I've been searching around to find some sort of chart or list that tells me how many levels of gradient there is for different single channel bit depths but I'm not having a lot of luck. Can anyone fill me in or link me to the info I'm looking for. I'd like to see from 2 all the way up to 20 or so.

For example, with most systems there is no visible difference between 14-bits and 12-bits; and certain ly a factor of 4 difference.

You may want to look at what DxOMark call "Tonal Range".

What exactly are you trying to accomplish.

Primarily to be able to talk intelligently about why to be using a high bit depth capture system when capturing extremely low contrast negatives.
Also to be able to calculate for instance, if the negative I'm capturing is occupying 5 percent of the tonal range from absolute black to absolute white, how many levels of gradient do I have to work with if I use a 16 bit scanner or high end camera vs a 12 bit or 14 bit camera and at what point can I expect to see posterization given the capture system.

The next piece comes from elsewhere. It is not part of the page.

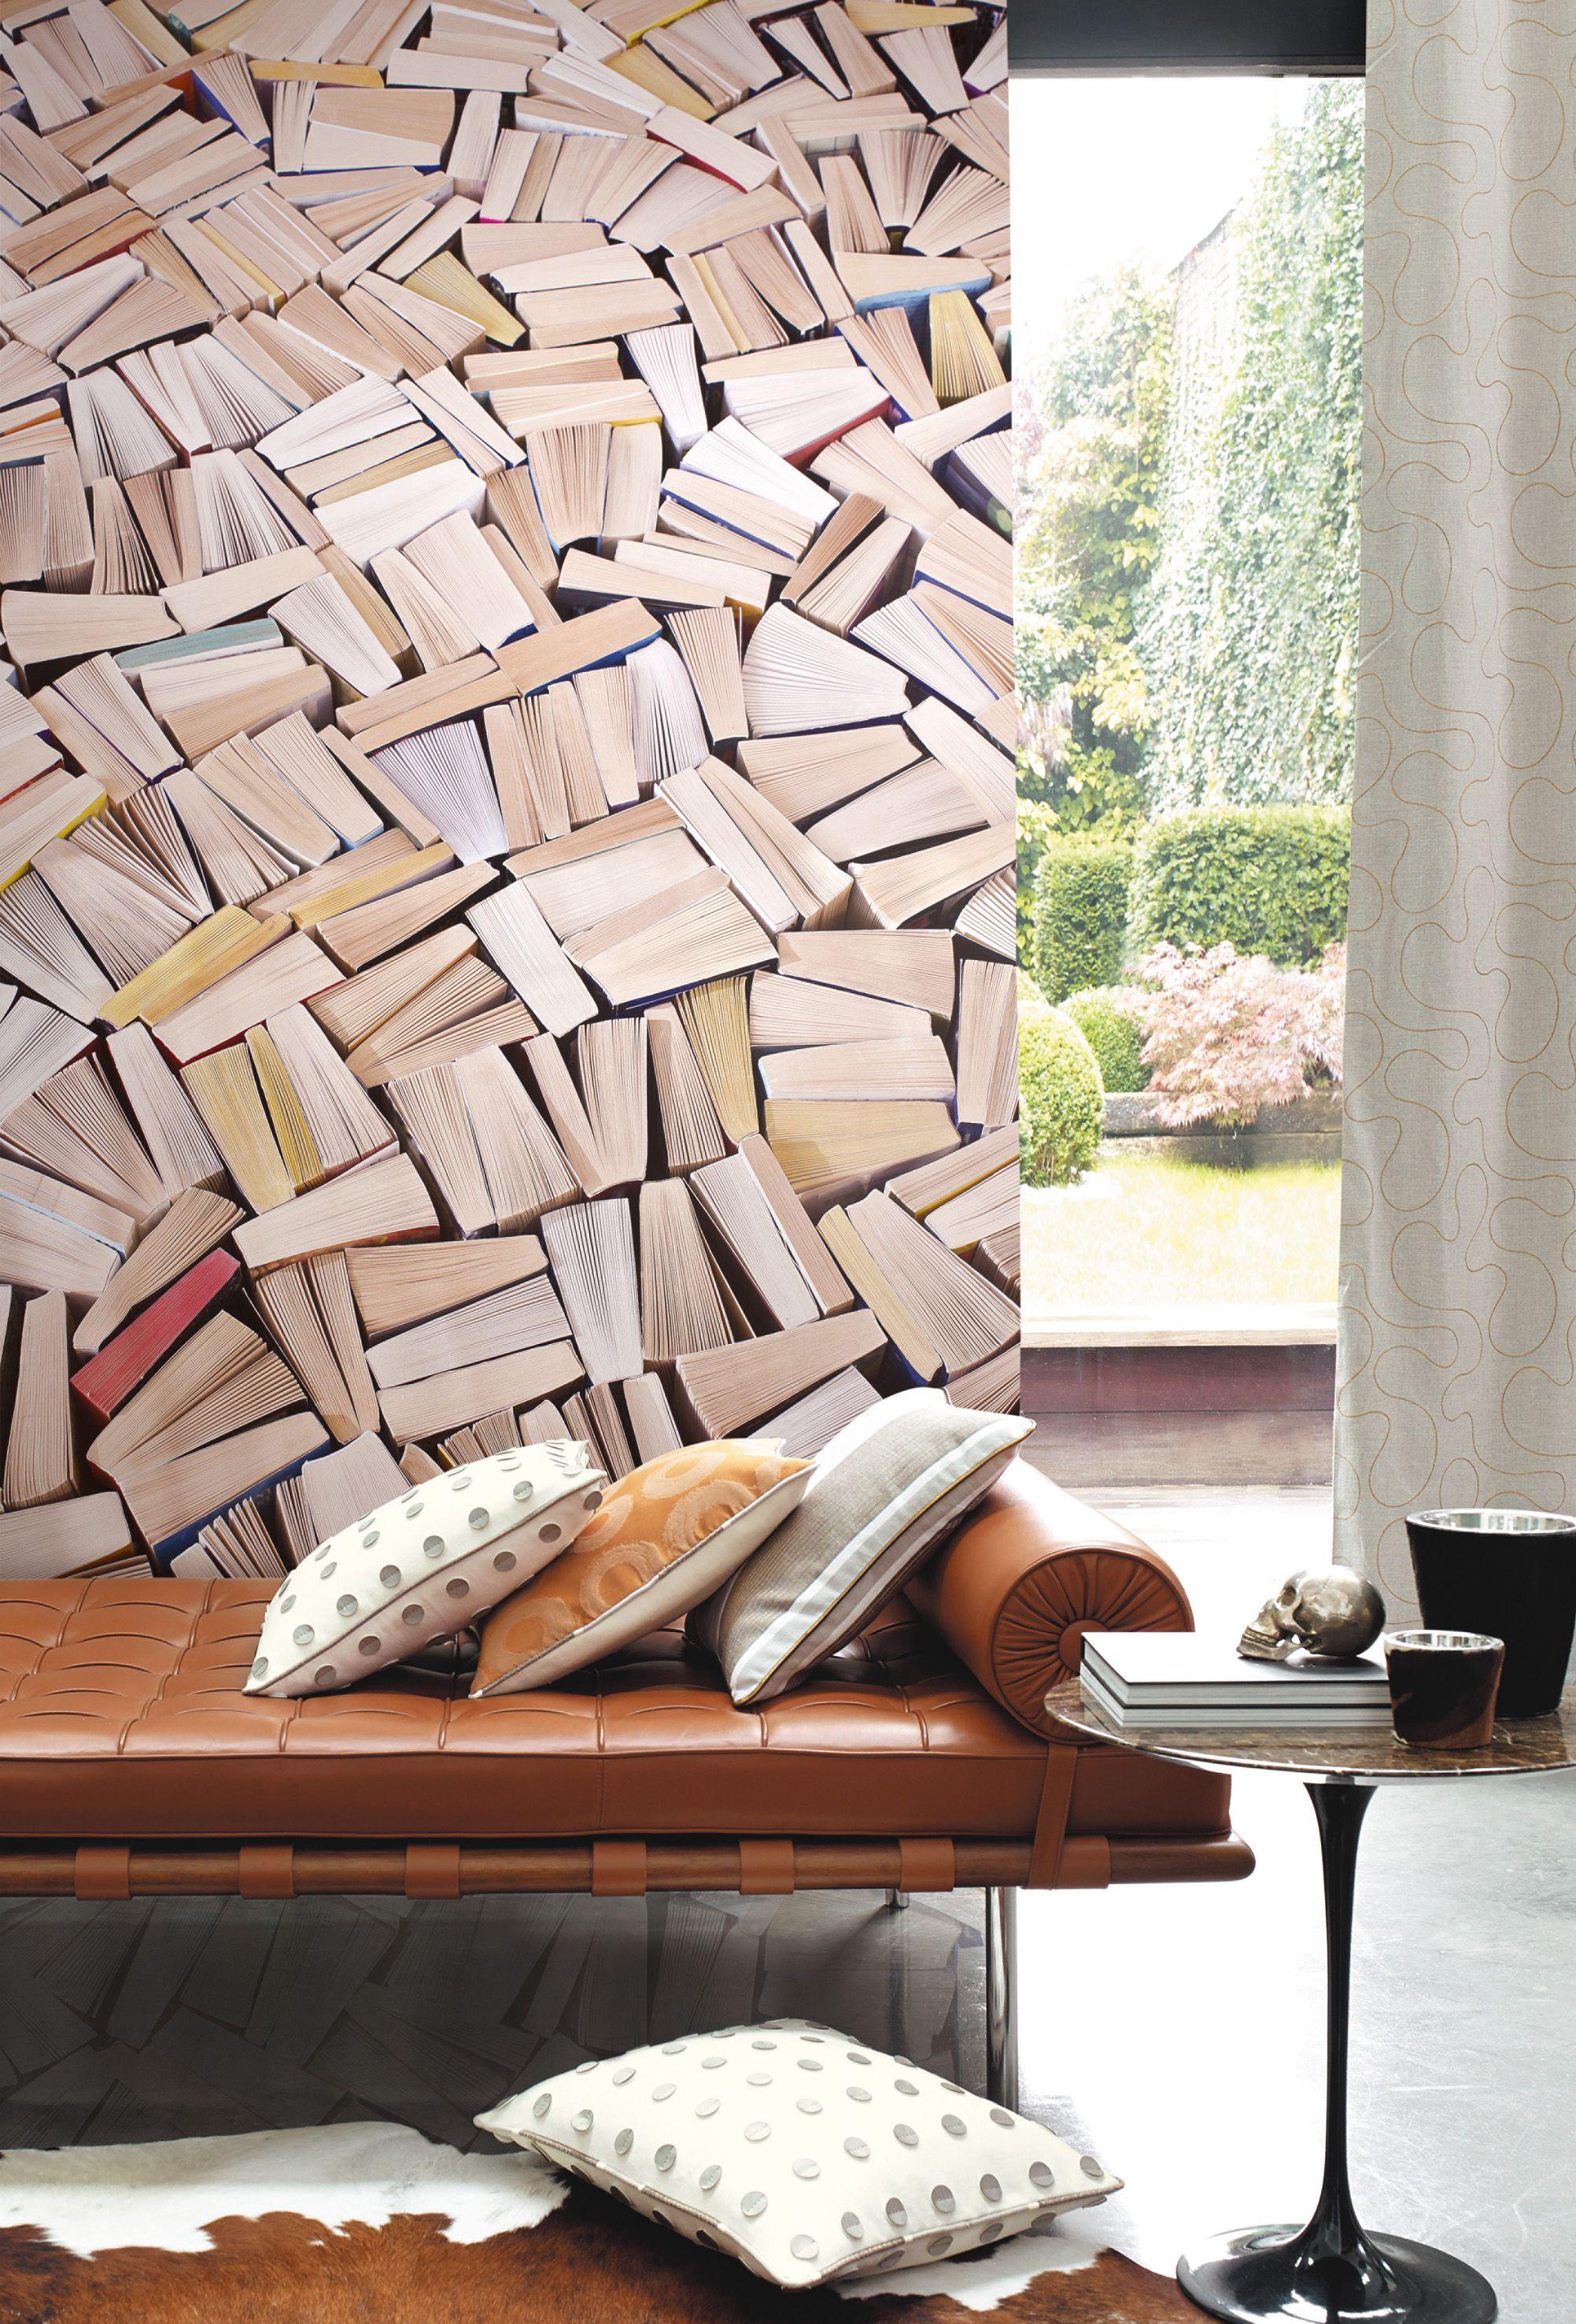 papier peint livres latest papier peint livres papier peint trompe loeil livres papier peint. Black Bedroom Furniture Sets. Home Design Ideas

The other numbers for other bit depths are primarily just because I was curious.

As John Sheehy alludes to the answer also depends on noise which is why I pointed you toward the DxOMark Tonal Range measure.

DxOMark links are messed up but here's the mathematics of it:

Think of it this way; if two values are close together they are only visually distinguishable if they differ by enough to overcome noise.

Getting noise information for a scanner will be problematic.

I suspect 14-bits is a good sweet spot.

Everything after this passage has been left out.